From Boston Globe
Brian Buzby had a splitting headache the first day of Ramadan from caffeine withdrawal and mild dehydration. He loved the late night Taraweeh prayers at the mosque, when a portion of the Koran is recited each night, and stayed long afterward talking with friends. Then he returned home to his apartment in South Boston and opened the refrigerator again.
“I don’t even go to sleep before suhoor,” the 30-year-old student told a small group of fellow converts gathered at the Islamic Society of Boston Cultural Center last week, referring to the 3 a.m. predawn meal. “I go home and I keep eating.”
A burst of laughter; their teacher, Hossam AlJabri, smiled.
“We’re still in the beginning,” he said. “But Ramadan will just keep throwing beautiful things at you.”
Ramadan — which occupies the ninth month of the Islamic calendar, when Muslims believe the Koran was revealed to the Prophet Mohammed — is the holiest time of the year in Islam, a time for fasting, self-improvement, family celebration, and intensive prayer.
For converts, Ramadan, which began the second week of July and continues until early August, can also be lonesome and bewildering.
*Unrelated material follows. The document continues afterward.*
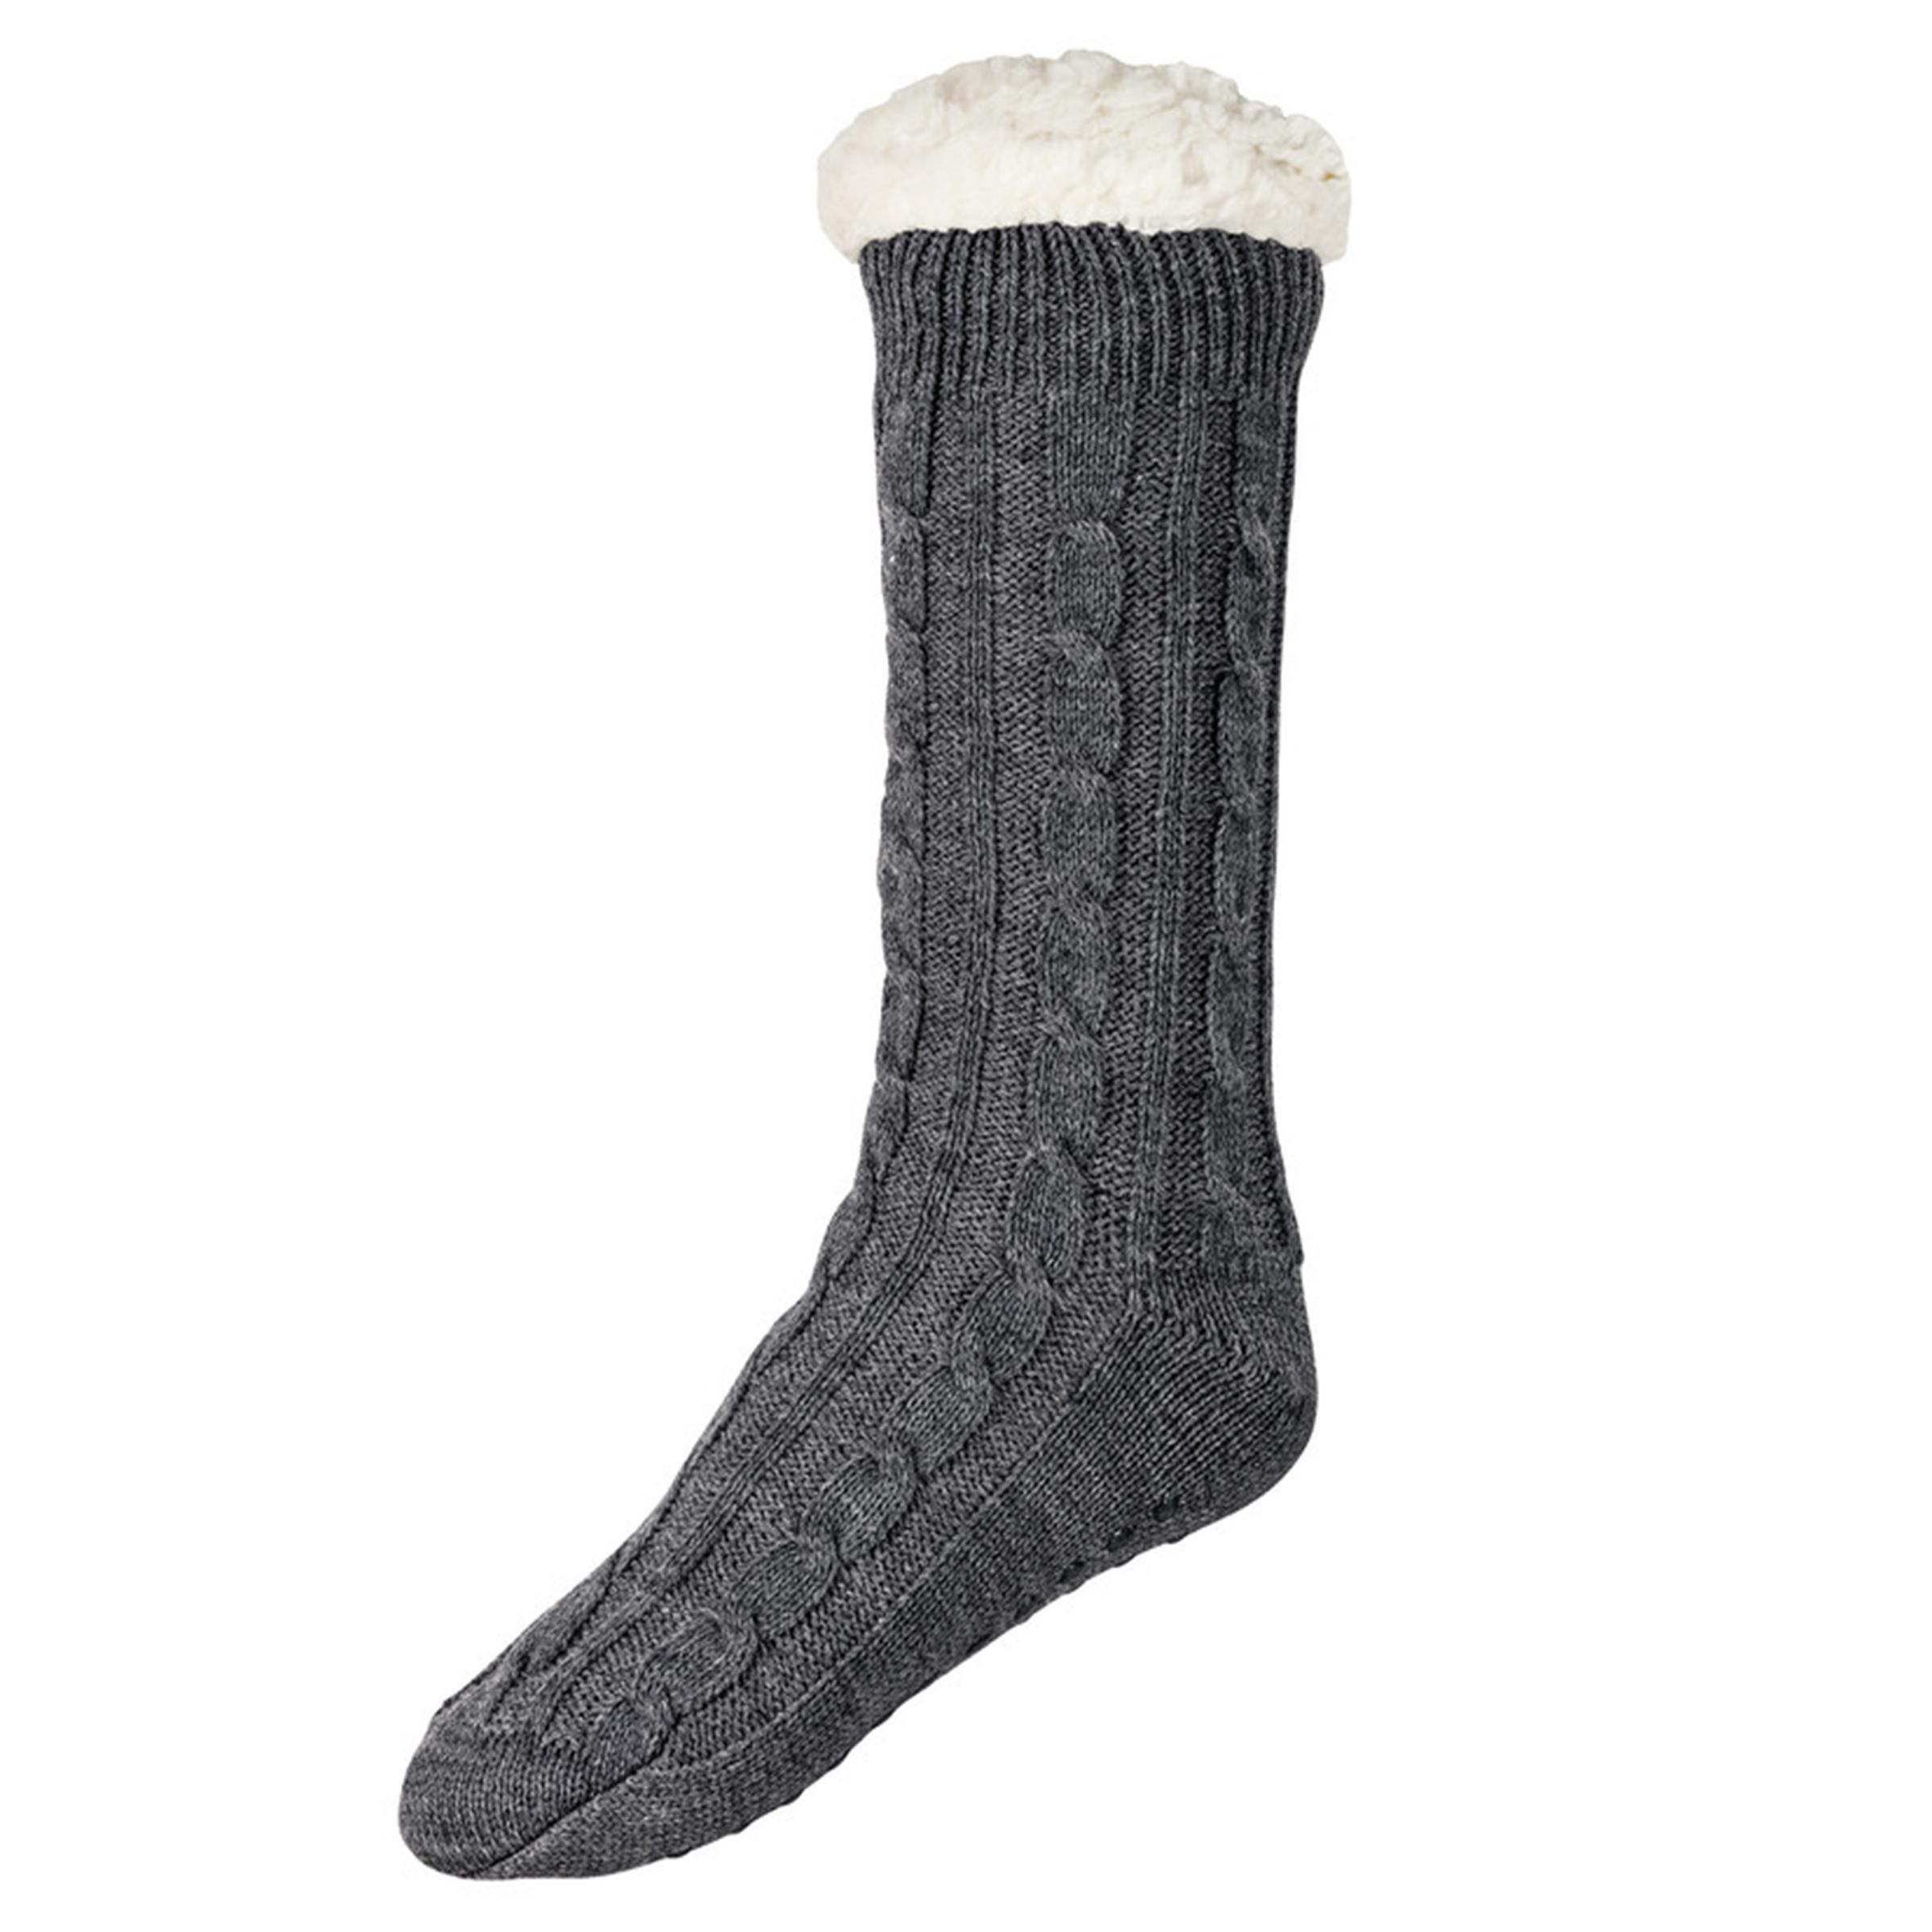 جوراب بافتنی مردانه لیورجی مدل Fleece2021 رنگ طوسی

Fasting from food and water from the first light of dawn to sunset is a physical challenge. Family, friends, and colleagues who are not Muslim are not always quick to see its purpose or benefits. And without family to share the predawn suhoor meal and the evening iftar meal — those can be big family meals, or something smaller — some converts miss out on Ramadan’s communal spirit.
But Boston’s largest mosque, the Islamic Society of Boston Cultural Center, has been working to help converts enjoy Ramadan and navigate its tougher terrain.
“It’s not totally my first Ramadan, but I wasn’t part of a community last Ramadan — and there’s a big, big difference,” Buzby told his friends at the new converts’ class last week.
Unlike some suburban mosques whose members are mostly families, or mosques whose members are mostly one or two ethnic groups, the cultural center in Roxbury is diverse, urban, and filled with students and other young people who are in Boston temporarily, or just beginning to put down roots.
And the imam, William Suhaib Webb, is particularly attuned to issues facing converts — he is one.
“Especially for converts who are out of college, not married, and don’t have a strong social support group, I think the mosque becomes a place where they can come and get some family time in,” Webb said in an interview.